In the embodiment of the present application, in the clustering result of the voiceprint features to be processed, besides the target clustering, an outlier voiceprint feature may exist. The outlier voiceprint feature may correspond to a small section of the long-section stationary voice data, which may cause a distance between the voiceprint feature extracted from the small section and the cosine of the centroid to be far, and since the fourth voice data is extracted using a sliding window, a voice segment corresponding to the outlier voiceprint feature may be repeated with a voice segment corresponding to the target cluster, and in order to preserve the voice signal as much as possible, only a voice segment that is not repeated and corresponds to the outlier voiceprint feature may be removed. Thereby processing to obtain clean and effective voice data.
As an example, fig. 4 is a flowchart illustrating a specific implementation manner of a method for detecting validity of a voiceprint feature provided in an embodiment of the present application.
As shown in fig. 4, the voiceprint features can be extracted through a sliding window, then the voiceprint features are subjected to spectral clustering to obtain a maximum class, and then the validity detection is realized by calculating the cosine distance between each voiceprint feature in the maximum class and the centroid. When the extracted voiceprint features are determined to be valid, the voice segments corresponding to the outlier voiceprint features can be removed, and valid voice is output. When it is determined that the extracted voiceprint features are not valid, the process can end.
Based on the same principle as the method shown in fig. 1, fig. 5 shows a schematic structural diagram of an apparatus for detecting validity of a voiceprint feature provided by an embodiment of the present application, and as shown in fig. 5, the apparatus 20 for detecting validity of a voiceprint feature may include:
the clustering module 210 is configured to perform clustering processing on the voiceprint features to be processed to obtain target clusters, where a ratio of the voiceprint features in the target clusters to the voiceprint features to be processed is greater than a preset value;
and the validity detection module 220 is configured to determine validity of the voiceprint to be processed based on whether a voiceprint feature whose distance from the centroid of the target cluster is not less than a preset distance exists in the target cluster.
The device provided by the embodiment of the application obtains the target cluster by clustering the voiceprint features to be processed, and determines the effectiveness of the voiceprint to be processed based on whether the voiceprint features with the distance from the centroid of the target cluster not less than the preset distance exist in the target cluster. Based on the scheme, the voiceprint feature effectiveness can be detected, and the voiceprint feature effectiveness for identity recognition is guaranteed, so that a basis can be provided for improving the voiceprint recognition effect.

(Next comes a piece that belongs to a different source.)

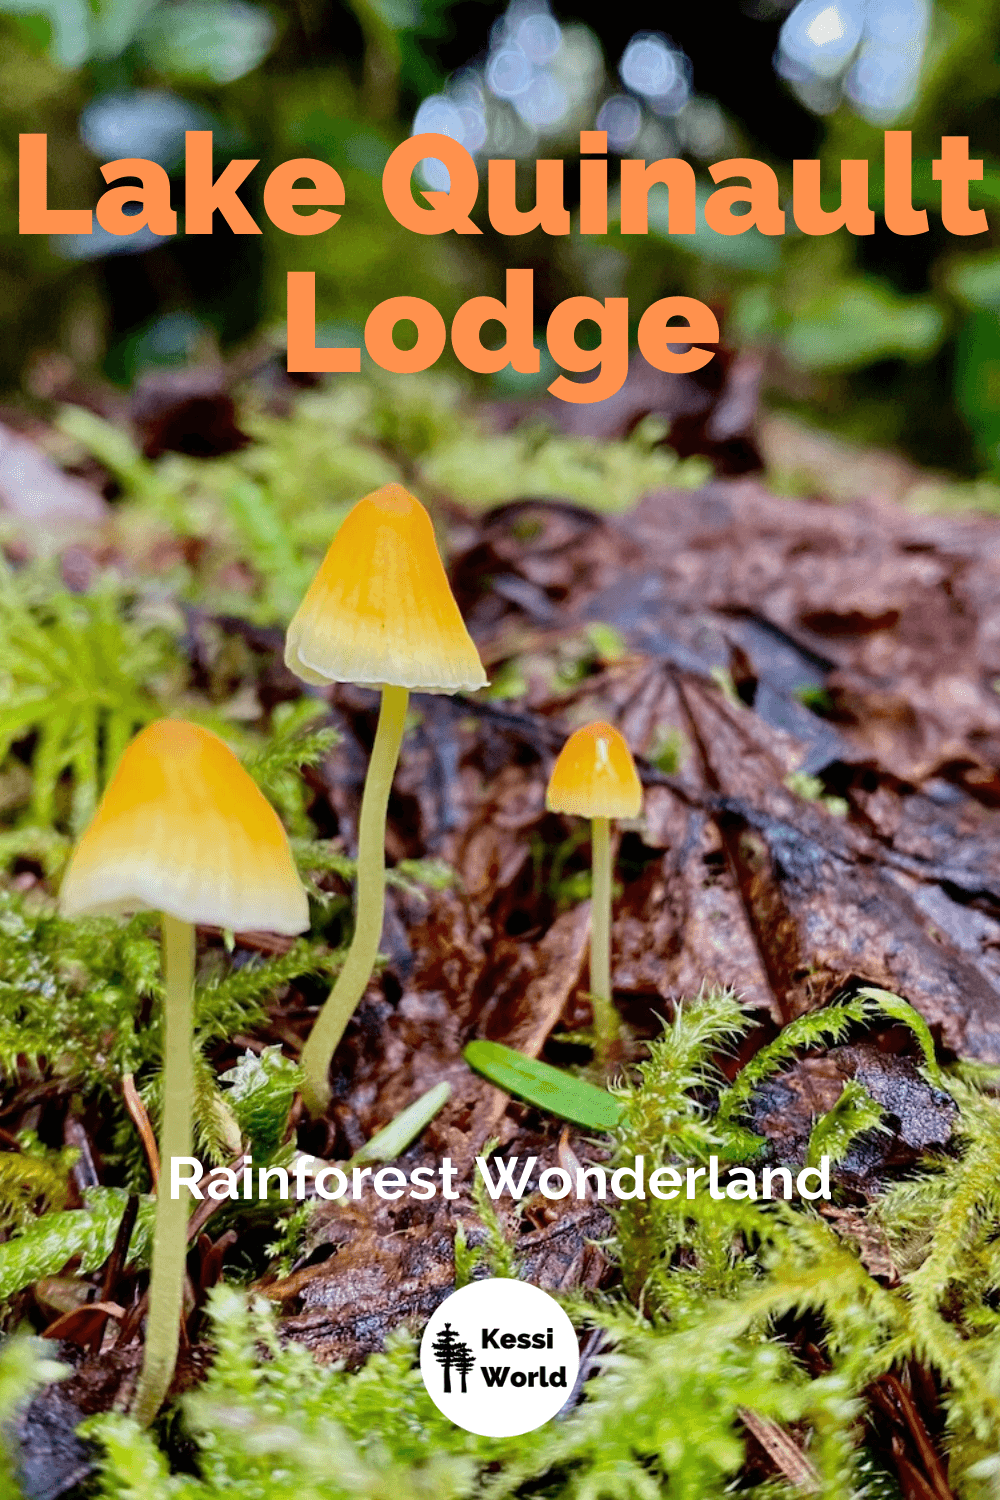 This is an up close view of three delicate mushrooms with orange caps. They are popping up from a leaf and moss covered wood branch imbedded on the forest floor.

Optionally, the validity detection module is specifically configured to:
if the distance between the target cluster and the centroid of the target cluster is not less than the preset distance, determining that the voiceprint to be processed is invalid;
and if the voiceprint features with the distance from the centroid of the target cluster not less than the preset distance do not exist in the target cluster, determining that the voiceprint to be processed is valid.
Optionally, the above apparatus further comprises a stationary noise processing module, the stationary noise processing module is specifically configured to:
determining whether stationary noise is contained in the first voice data based on a pre-trained stationary noise detection model;
and processing the first voice data to obtain second voice data based on whether the first voice data contains stationary noise.

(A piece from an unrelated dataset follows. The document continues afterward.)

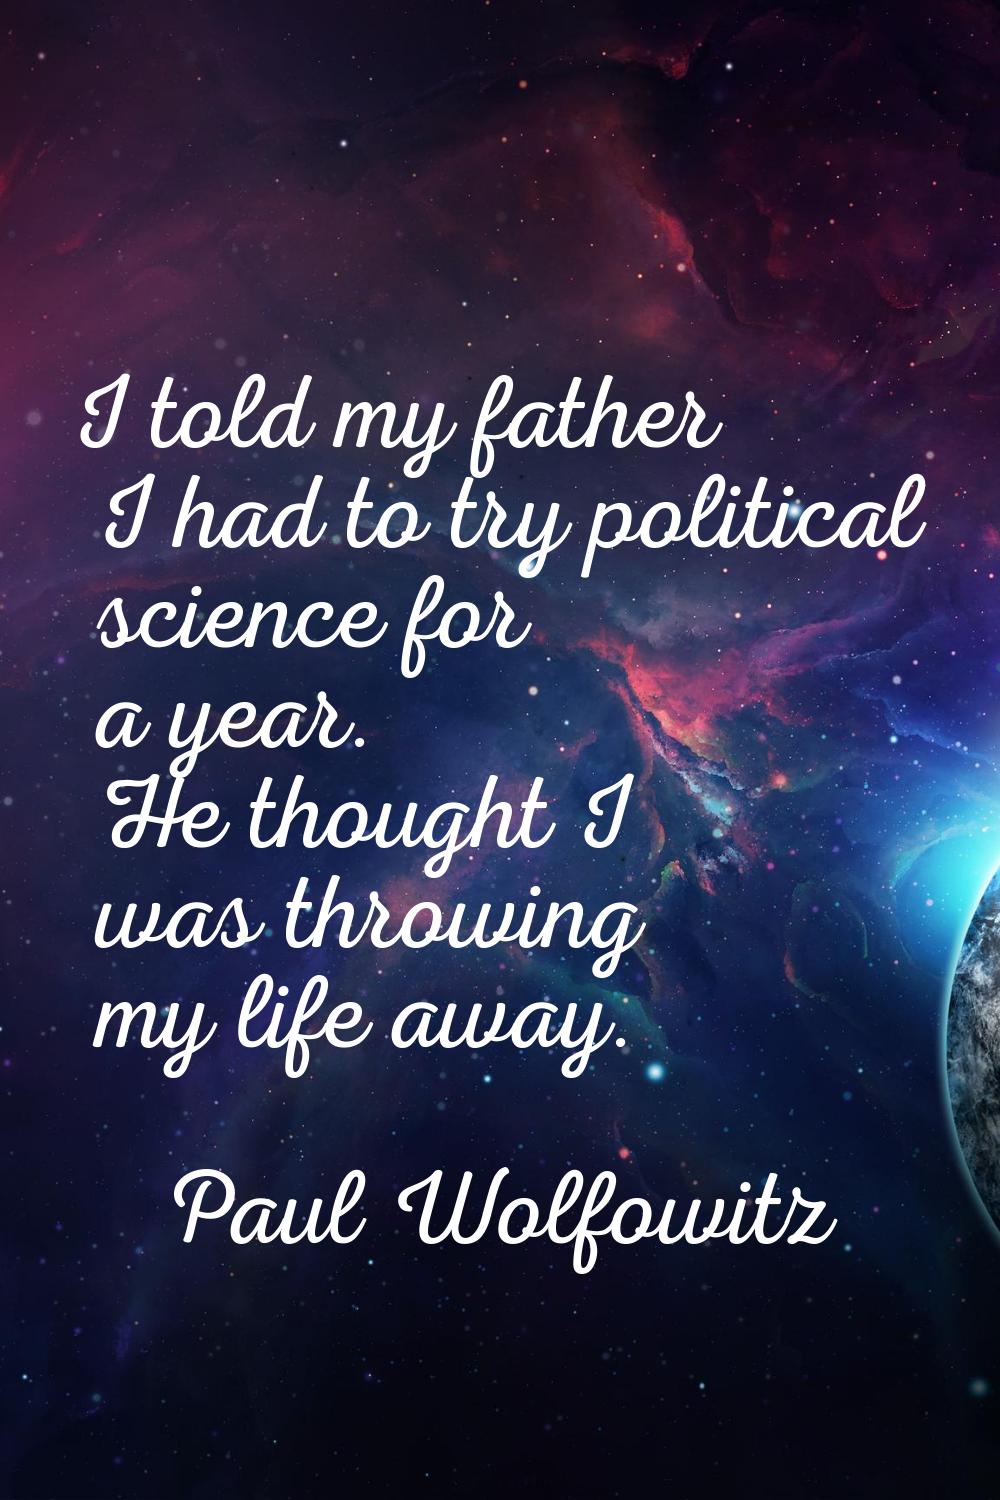 I told my father I had to try political science for a year. He thought I was throwing my life away.

Optionally, the stationary noise detection model is obtained by performing model training using pre-configured human voice data as a positive sample and using sample voice data as a negative sample, where the sample voice data includes fused voice data and pre-configured noise data, and the fused voice data is obtained by fusing human voice data and noise data.

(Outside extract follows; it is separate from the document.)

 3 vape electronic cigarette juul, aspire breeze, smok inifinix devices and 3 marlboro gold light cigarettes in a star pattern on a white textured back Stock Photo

Optionally, the stationary noise processing module is configured to, based on whether the stationary noise is included in the first voice data, process the first voice data to obtain second voice data, specifically:
if the first voice data contains stationary noise, processing the stationary noise in the first voice data to obtain second voice data;
and if the first voice data does not contain stationary noise, taking the first voice data as second voice data.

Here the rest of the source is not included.